Great Hunger Memorial
- Interactive map of Great Hunger Memorial
- Location: Deer Island, Massachusetts, U.S.
- Type: Celtic cross

= Great Hunger Memorial (Deer Island, Massachusetts) =

Celtic cross

The Great Hunger Memorial is a 16-foot tall Celtic cross located on Deer Island in Boston Harbor.

In the late 1840s, the Boston Corporation erected a hospital on the island. Irish immigrants, who arrived on coffin ships, were quarantined there. The memorial commemorates the 850 people who died on the island between 1847 and 1850, as they were trying to escape the Great Irish Famine. Their bodies were discovered during construction work done on the island in 1990.

The memorial is the result of decades long effort of a number of local Irish-American activists. Its construction was also championed by the Massachusetts Water Resources Authority and other local officials.

The memorial was the brainchild of Michael Kearney, John Flaherty, Peter O’Malley, Bernard Callaghan, and the late William and Rita O’Connell.
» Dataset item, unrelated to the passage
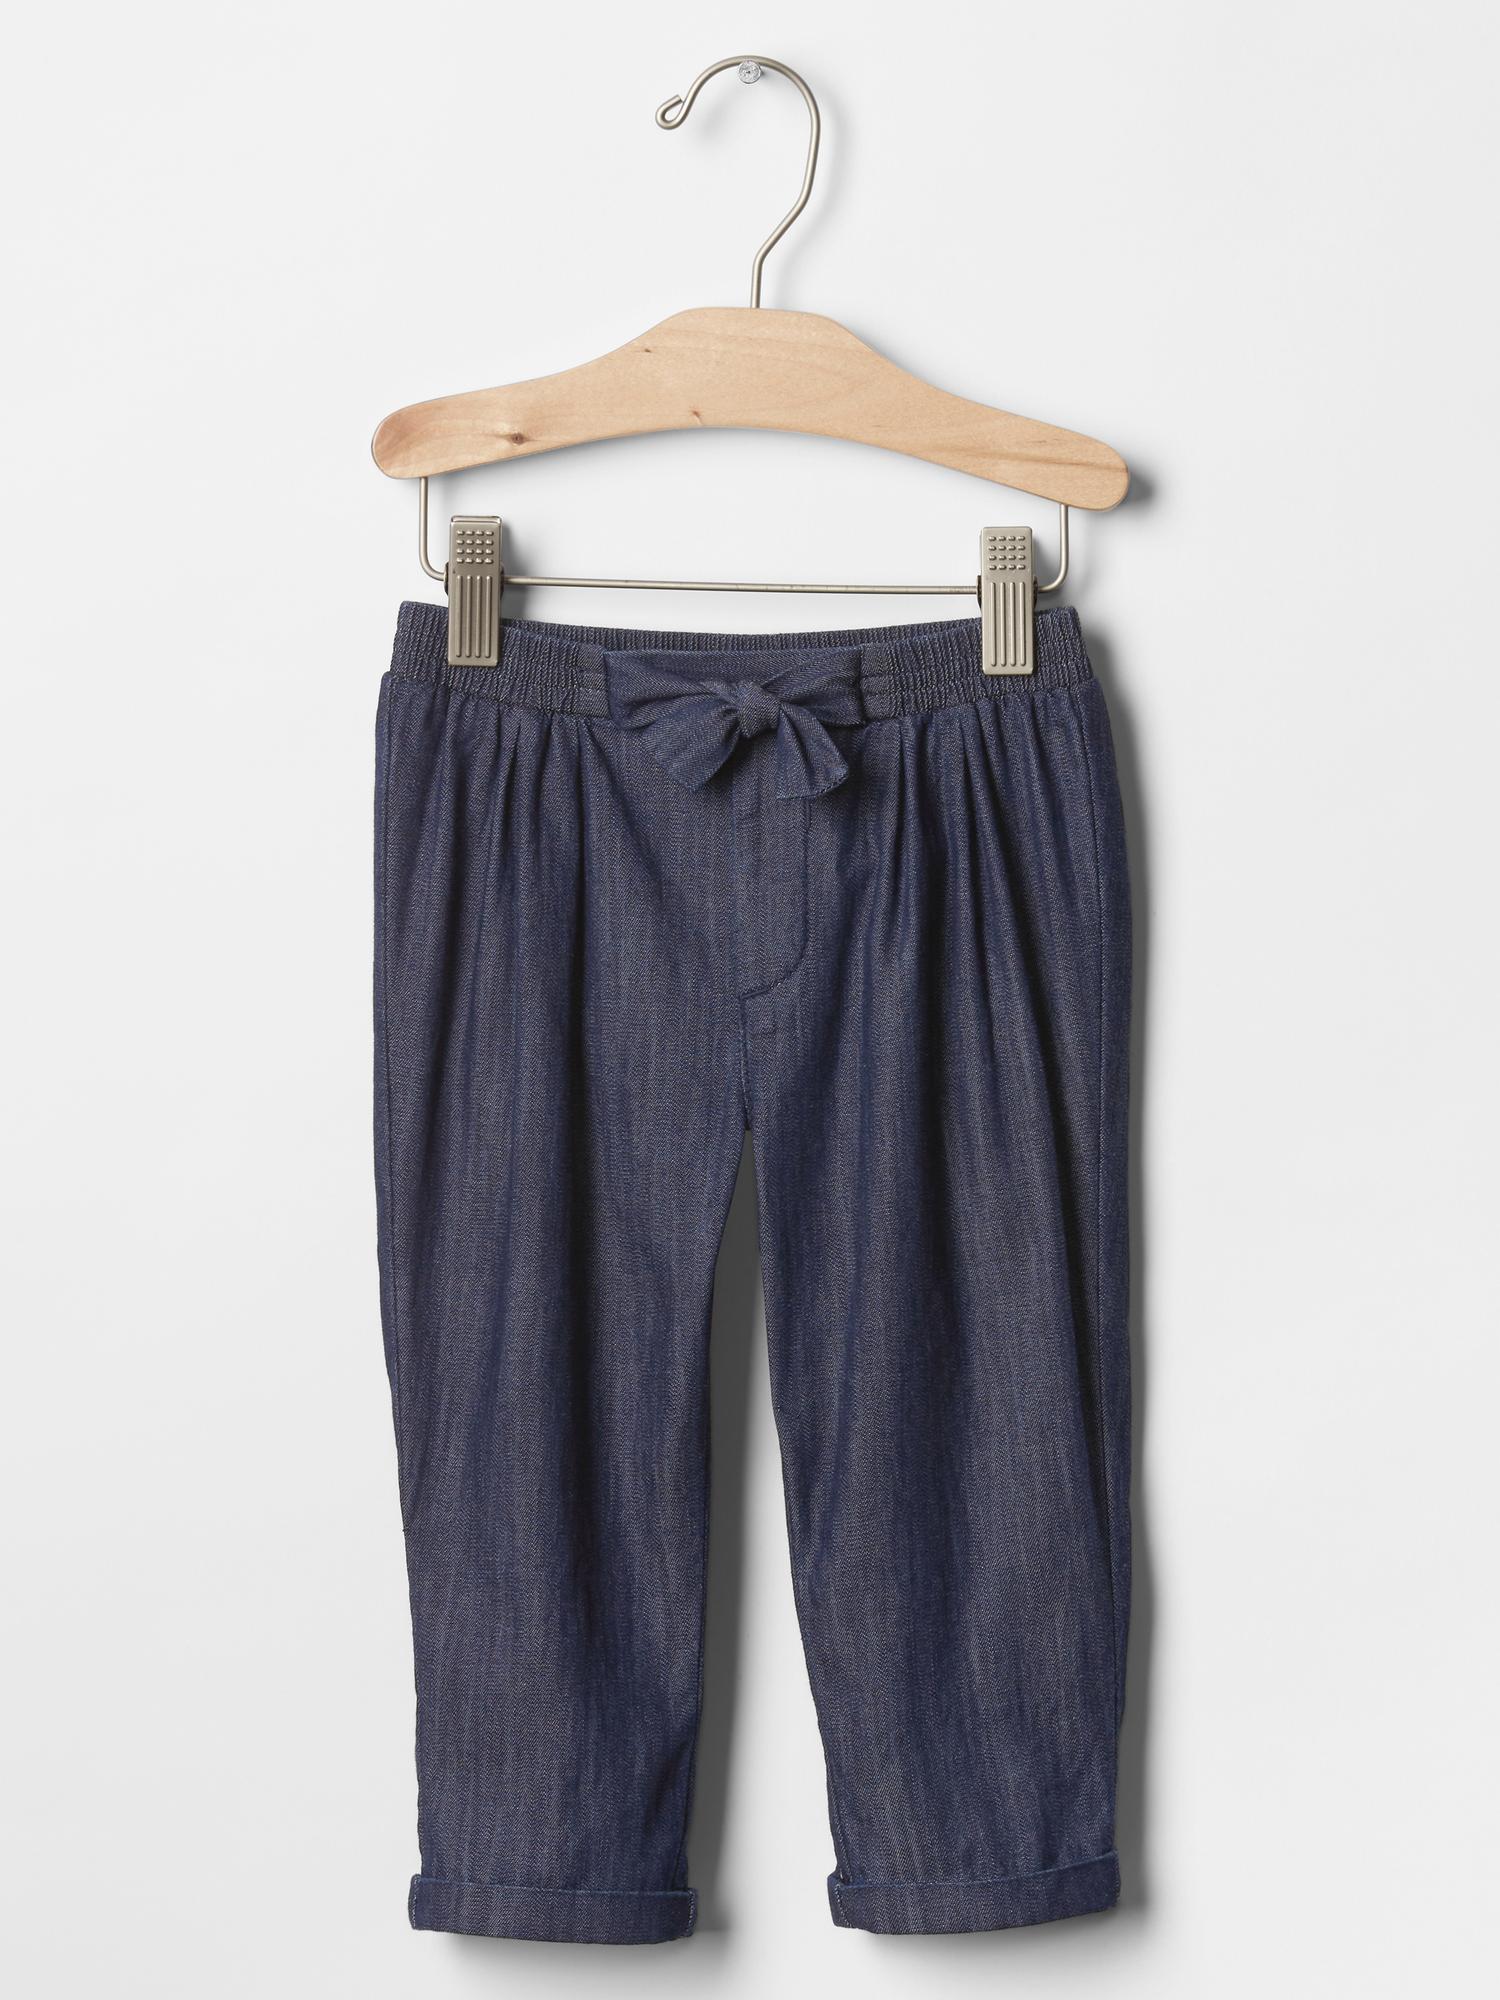 Denim Soft Pants from Baby Gap

It was cut and engraved at a quarry in Pennsylvania. It was erected with the help of Feeney Brothers of Boston and Local 25 of the Teamsters Union.

The monument was dedicated on May 25, 2019, in a ceremony attended by Boston Mayor Marty Walsh and Cardinal Sean O’Malley. The dedication included a speech from Boston City Archivist John J. McColgan.